How to Watch Star Wars

Posted: December 15, 2015 by Micah in Randomnicity
Tags: , , ,

Internet… it has happened. Right now in this cold cruel world there are several hundred nay possibly several thousand people… who have seen Star Wars Episode 7. And I am not one of them, you are probably not one of them. I’m sorry. Let’s take a second and just quietly mourn to ourselves of our terrible defeat.

Let us also spend the next several days carefully monitoring our internet usage so we don’t get anything spoiled. The spoilers are out there now guys, lurking in the dark corners, waiting to kill us and eat half of us and then bury us in the woods so they can return and finish us later… or maybe those are bears.

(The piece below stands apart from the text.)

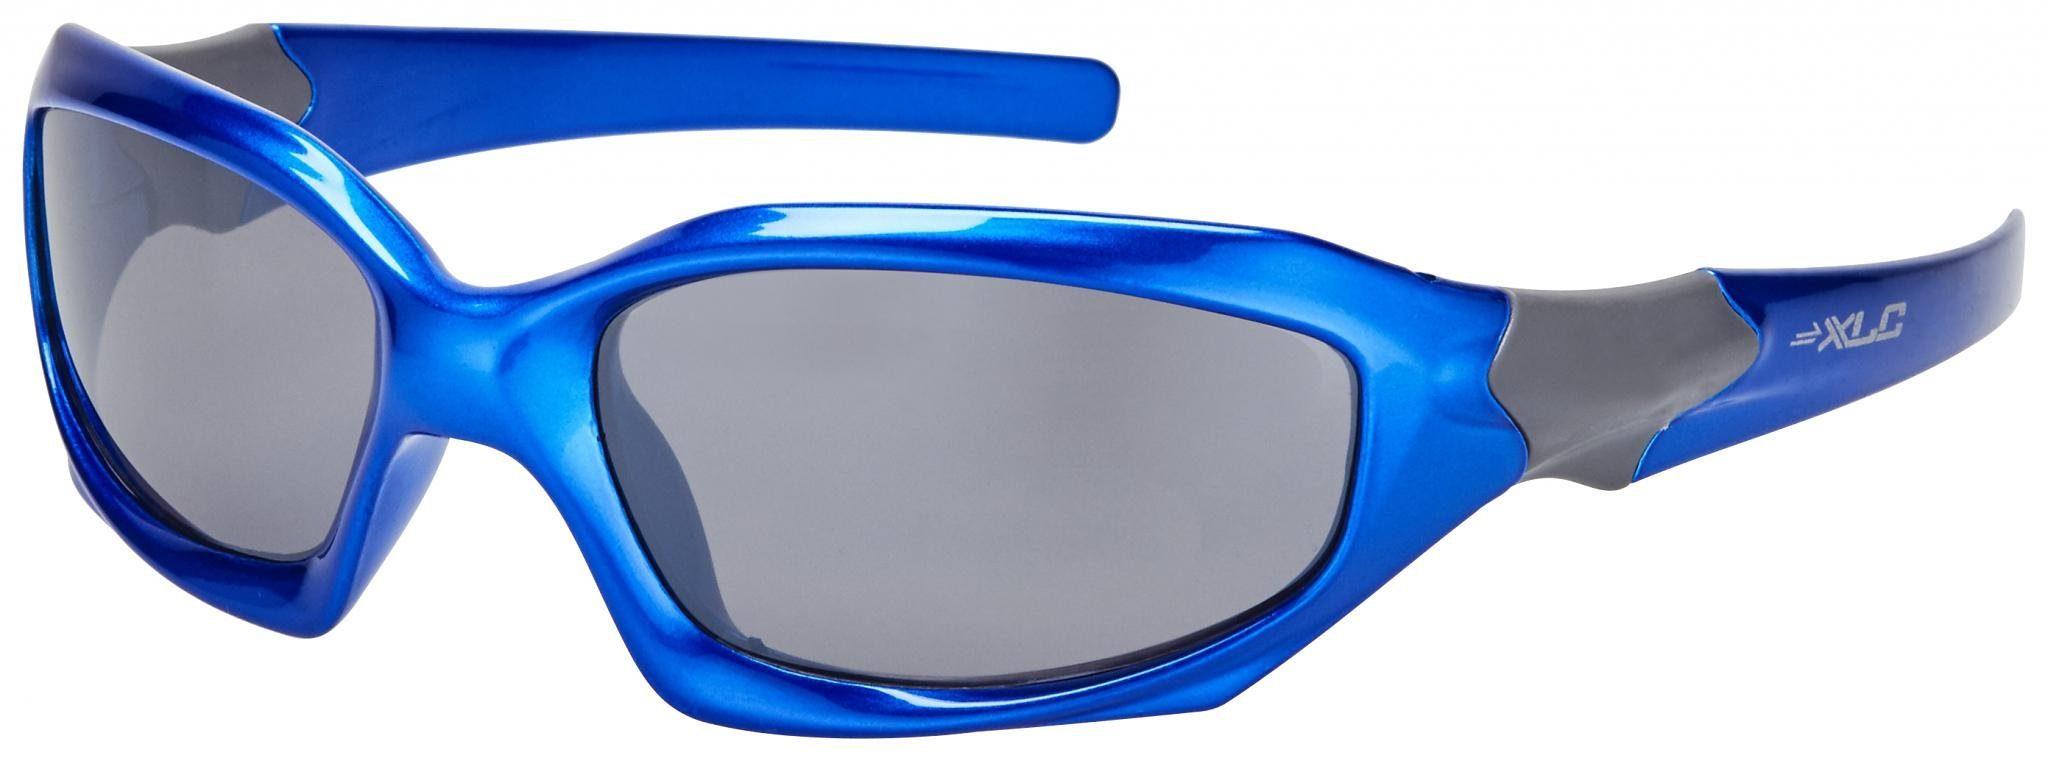 XLC Radsportbrille »Maui Sonnenbrille Kinder«

Okay, that last part was definitely bears, but the first part is undeniably spoilers. There are spoilers out there, be wary my friends. Be wary.


But instead of focusing on what we haven’t seen yet, let’s instead turn our attention to what we have seen, what we can see, and what we have probably already seen. The 6 existing movies and (more specifically) in which order they should be watched.

Which leads us to this bold font:

How to Watch Star Wars 

Now this guide is mainly designed to be in a hypothetical sort of: ‘I’m introducing Star Wars to someone for the first time’ scenario. If you’ve already seen all 6… well you’ve already seen all 6. So it really doesn’t matter how you watch them. Granted, it really doesn’t matter how someone new to Star Wars watches them but if all I did on this blog was talk about things that really mattered this would be WAY less funny so let’s just roll on shall we?

Method 1: Chronologically. 1-2-3-4-5-6 

Let’s get this out of the way now: Don’t do this. You’re starting with the two weakest movies, with the worst writing and the criminally bad idea that was Jar Jar Binks. That’s no way to watch a franchise. I mean if you do this you’ve got to sit through 7 hours-ish of movies before you even get to Han Solo, the Millennium Falcon, and a writer that wasn’t gradually drowning under his own beard. Plus, you’ve got to remember the big Darth Vader reveal is in 5 (arguably the best movie) but if you watch 1, 2 and 3 first you’ve literally taken all the surprise out of it. I mean come on. Think of the children. Think of all the people, living for today!! And then don’t let those people watch Star Wars like this!! In the immortal words of Admiral Ackbar:


Method 2: By Release 4-5-6-1-2-3

Okay this is sort of the standard way to do it. You get the full experience of 4-6 and then the full let down of 1-2 followed by the slightly less let down of episode 3. Is there a word for slightly less of let down?? A let… slope? Slightly better than the previous letdown but also still a pretty big letdown. There’s merit to this but it’s not the best way, it’s the most obvious way that doesn’t involve making someone watch the cinematic train wreck that was episode 1 first. But let’s get to something a bit more outside the old Star Box shall we?

Method 3: The Patton Oswalt 4-5-1-2-3-6

I’m not sure if Patton Oswalt invented this or not but he’s the one I heard say it first and this is the Internet so my attributing a fact to someone without doing any research isn’t just par for the course, it is the course. So anyway when Patton Oswalt sat up one night in his commemorative Star Wars bed and invented this theory, I was one of the first people he emailed about it, and this is what his email said.


So you start with 4 and 5, which maintains the I am your Father twist AND let’s you start with the best two movies in the series. Then you go back and watch 1-2-3 and three which gives you the Darth Vader story and THEN you go back and watch 6 which wraps up the Darth Vader story, finishes the saga and gets you rarin’ to go for Episode 7.

So there you go guys, the way to watch Star Wars. But however you choose to watch it, whether you go for the first stupid one, or the last two perfectly acceptable ones, may you enjoy it and may the Force be with you all.